**TASK STATEMENT**
Each line from the one containing "Vintage Star Wars" through the end of the data must be retyped exactly, and no other line.

(Data records)
::::

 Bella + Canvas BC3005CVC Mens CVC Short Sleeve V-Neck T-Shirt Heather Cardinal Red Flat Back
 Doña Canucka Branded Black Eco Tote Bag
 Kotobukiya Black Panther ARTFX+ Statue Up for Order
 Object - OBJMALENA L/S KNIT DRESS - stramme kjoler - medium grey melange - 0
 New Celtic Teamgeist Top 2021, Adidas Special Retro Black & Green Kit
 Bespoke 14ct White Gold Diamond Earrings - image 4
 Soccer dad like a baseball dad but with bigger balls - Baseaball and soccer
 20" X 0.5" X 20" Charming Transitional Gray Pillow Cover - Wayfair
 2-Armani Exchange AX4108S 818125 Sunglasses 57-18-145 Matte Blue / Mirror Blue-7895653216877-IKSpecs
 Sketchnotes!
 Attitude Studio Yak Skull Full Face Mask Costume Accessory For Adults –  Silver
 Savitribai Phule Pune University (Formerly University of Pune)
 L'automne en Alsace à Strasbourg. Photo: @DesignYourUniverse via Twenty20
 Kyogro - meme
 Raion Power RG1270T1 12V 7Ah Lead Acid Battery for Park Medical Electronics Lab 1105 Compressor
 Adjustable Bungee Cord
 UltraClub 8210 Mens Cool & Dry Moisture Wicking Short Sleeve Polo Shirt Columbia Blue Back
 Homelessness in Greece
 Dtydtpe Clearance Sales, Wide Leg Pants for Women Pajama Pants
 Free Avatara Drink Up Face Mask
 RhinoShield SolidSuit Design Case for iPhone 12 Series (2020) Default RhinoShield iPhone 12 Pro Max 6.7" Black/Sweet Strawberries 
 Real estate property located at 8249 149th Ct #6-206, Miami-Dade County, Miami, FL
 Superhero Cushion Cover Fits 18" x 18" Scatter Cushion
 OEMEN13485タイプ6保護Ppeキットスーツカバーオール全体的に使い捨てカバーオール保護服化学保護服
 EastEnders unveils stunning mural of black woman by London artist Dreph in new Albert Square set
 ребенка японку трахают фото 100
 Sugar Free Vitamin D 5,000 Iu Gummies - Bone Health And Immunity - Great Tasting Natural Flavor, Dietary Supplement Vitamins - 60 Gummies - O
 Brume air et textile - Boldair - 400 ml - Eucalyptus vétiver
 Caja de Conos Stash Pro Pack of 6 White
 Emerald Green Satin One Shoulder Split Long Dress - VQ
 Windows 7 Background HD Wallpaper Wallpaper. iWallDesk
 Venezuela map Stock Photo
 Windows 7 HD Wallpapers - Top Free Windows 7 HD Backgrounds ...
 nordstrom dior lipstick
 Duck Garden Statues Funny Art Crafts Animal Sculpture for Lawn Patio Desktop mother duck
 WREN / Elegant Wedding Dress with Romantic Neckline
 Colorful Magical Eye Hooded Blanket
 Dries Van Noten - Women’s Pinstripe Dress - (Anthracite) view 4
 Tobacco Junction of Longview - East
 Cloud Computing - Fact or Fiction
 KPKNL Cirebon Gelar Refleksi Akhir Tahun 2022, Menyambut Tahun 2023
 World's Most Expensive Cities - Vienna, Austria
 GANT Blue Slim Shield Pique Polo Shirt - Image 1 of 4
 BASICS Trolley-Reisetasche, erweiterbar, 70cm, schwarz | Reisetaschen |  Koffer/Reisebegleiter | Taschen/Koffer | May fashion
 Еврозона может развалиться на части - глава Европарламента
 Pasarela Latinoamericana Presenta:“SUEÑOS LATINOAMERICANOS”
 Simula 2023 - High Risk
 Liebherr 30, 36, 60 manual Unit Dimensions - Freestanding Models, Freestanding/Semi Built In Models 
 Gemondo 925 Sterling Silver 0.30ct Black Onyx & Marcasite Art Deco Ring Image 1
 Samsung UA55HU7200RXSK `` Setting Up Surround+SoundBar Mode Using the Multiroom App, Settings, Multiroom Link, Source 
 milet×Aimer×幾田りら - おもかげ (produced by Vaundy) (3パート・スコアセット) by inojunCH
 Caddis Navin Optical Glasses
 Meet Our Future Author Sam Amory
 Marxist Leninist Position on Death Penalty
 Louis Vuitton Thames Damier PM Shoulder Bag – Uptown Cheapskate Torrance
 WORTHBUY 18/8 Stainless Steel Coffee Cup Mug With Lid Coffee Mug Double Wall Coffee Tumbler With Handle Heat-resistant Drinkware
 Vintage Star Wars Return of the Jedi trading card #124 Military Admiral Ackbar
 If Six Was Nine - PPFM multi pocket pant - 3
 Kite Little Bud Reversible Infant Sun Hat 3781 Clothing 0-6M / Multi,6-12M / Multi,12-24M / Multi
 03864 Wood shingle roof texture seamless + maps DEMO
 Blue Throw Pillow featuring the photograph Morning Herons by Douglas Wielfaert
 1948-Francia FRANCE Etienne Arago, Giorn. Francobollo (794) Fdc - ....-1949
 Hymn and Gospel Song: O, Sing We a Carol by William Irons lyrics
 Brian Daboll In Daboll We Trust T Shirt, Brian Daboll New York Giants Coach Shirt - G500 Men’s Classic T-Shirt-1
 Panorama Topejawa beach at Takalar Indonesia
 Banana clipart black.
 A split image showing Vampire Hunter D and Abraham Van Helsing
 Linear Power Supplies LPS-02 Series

::::

**PROBLEM SOLUTION**
 Vintage Star Wars Return of the Jedi trading card #124 Military Admiral Ackbar
 If Six Was Nine - PPFM multi pocket pant - 3
 Kite Little Bud Reversible Infant Sun Hat 3781 Clothing 0-6M / Multi,6-12M / Multi,12-24M / Multi
 03864 Wood shingle roof texture seamless + maps DEMO
 Blue Throw Pillow featuring the photograph Morning Herons by Douglas Wielfaert
 1948-Francia FRANCE Etienne Arago, Giorn. Francobollo (794) Fdc - ....-1949
 Hymn and Gospel Song: O, Sing We a Carol by William Irons lyrics
 Brian Daboll In Daboll We Trust T Shirt, Brian Daboll New York Giants Coach Shirt - G500 Men’s Classic T-Shirt-1
 Panorama Topejawa beach at Takalar Indonesia
 Banana clipart black.
 A split image showing Vampire Hunter D and Abraham Van Helsing
 Linear Power Supplies LPS-02 Series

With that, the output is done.